** Your task **
Leave the pictures out and restate every line below exactly.

** Dataset extract **
__________________________________________________

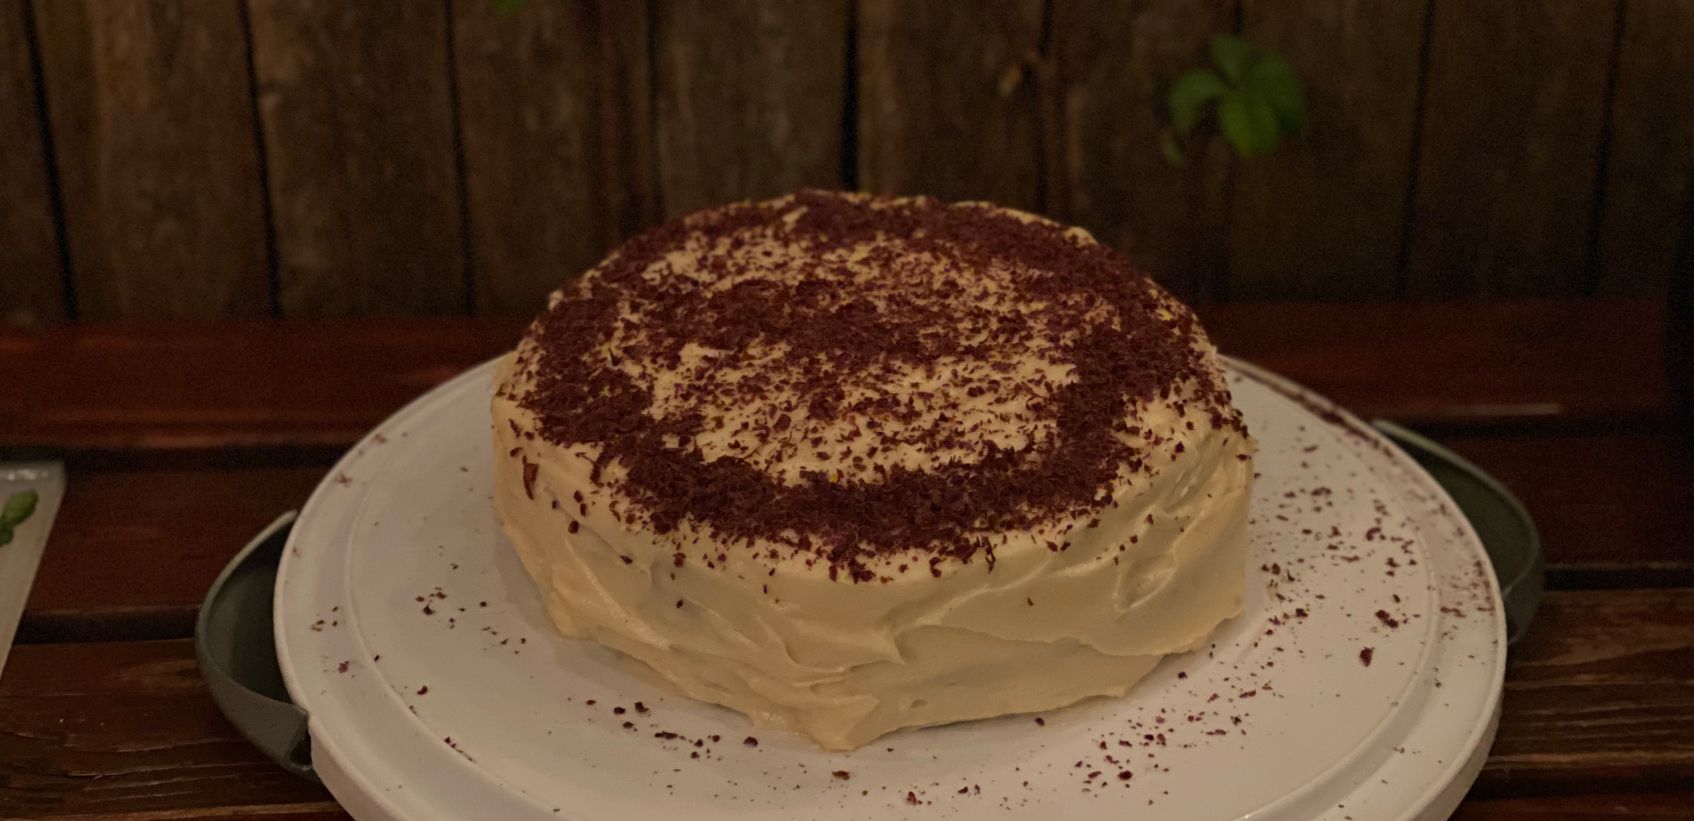 image of a cake on a plate - somewhat sloppily decorate, with cream cheese frosting and poorly arranged chocolate shavings
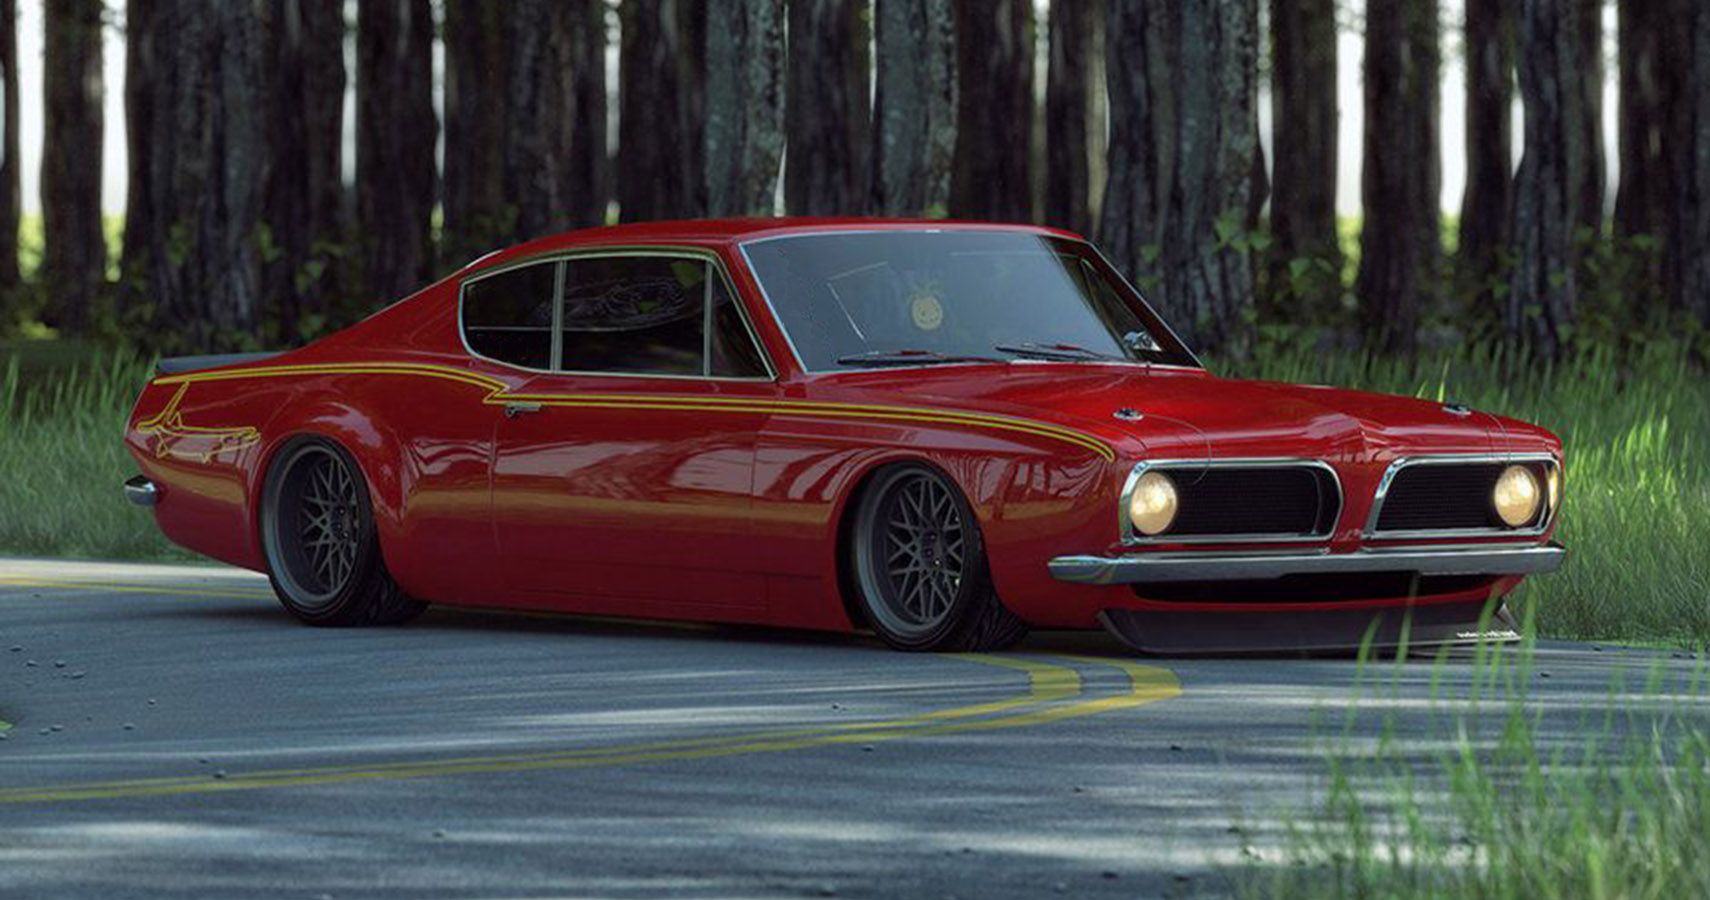 A Beautiful Plymouth Barracuda In Red
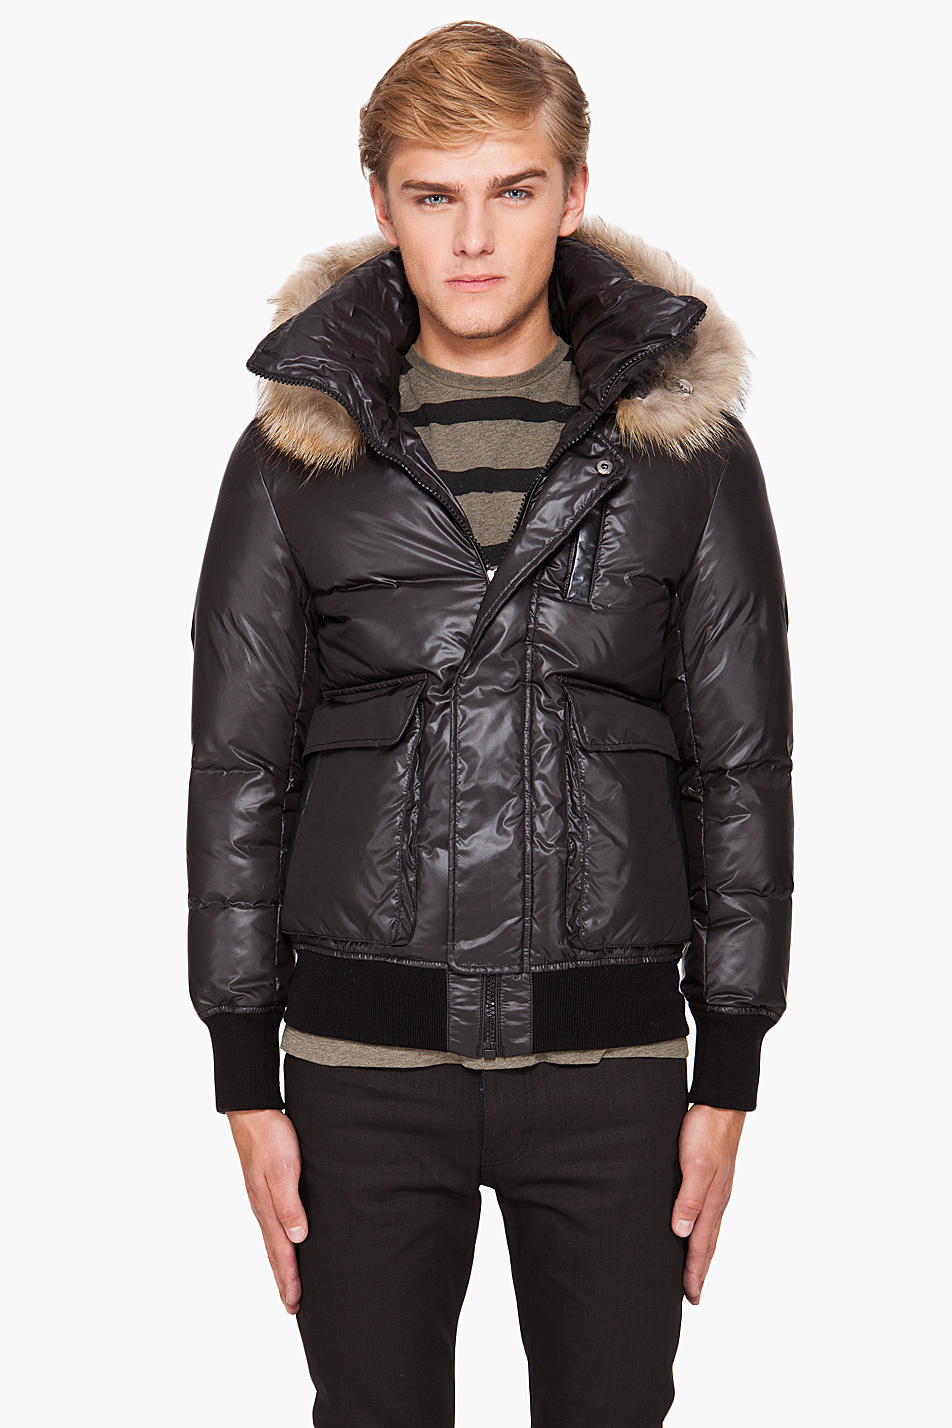 Lyst - Mackage Florian Winter Down Bomber Jacket With Fur In Black in ...

__________________________________________________

** Task solution **
 image of a cake on a plate - somewhat sloppily decorate, with cream cheese frosting and poorly arranged chocolate shavings
 A Beautiful Plymouth Barracuda In Red
 Lyst - Mackage Florian Winter Down Bomber Jacket With Fur In Black in ...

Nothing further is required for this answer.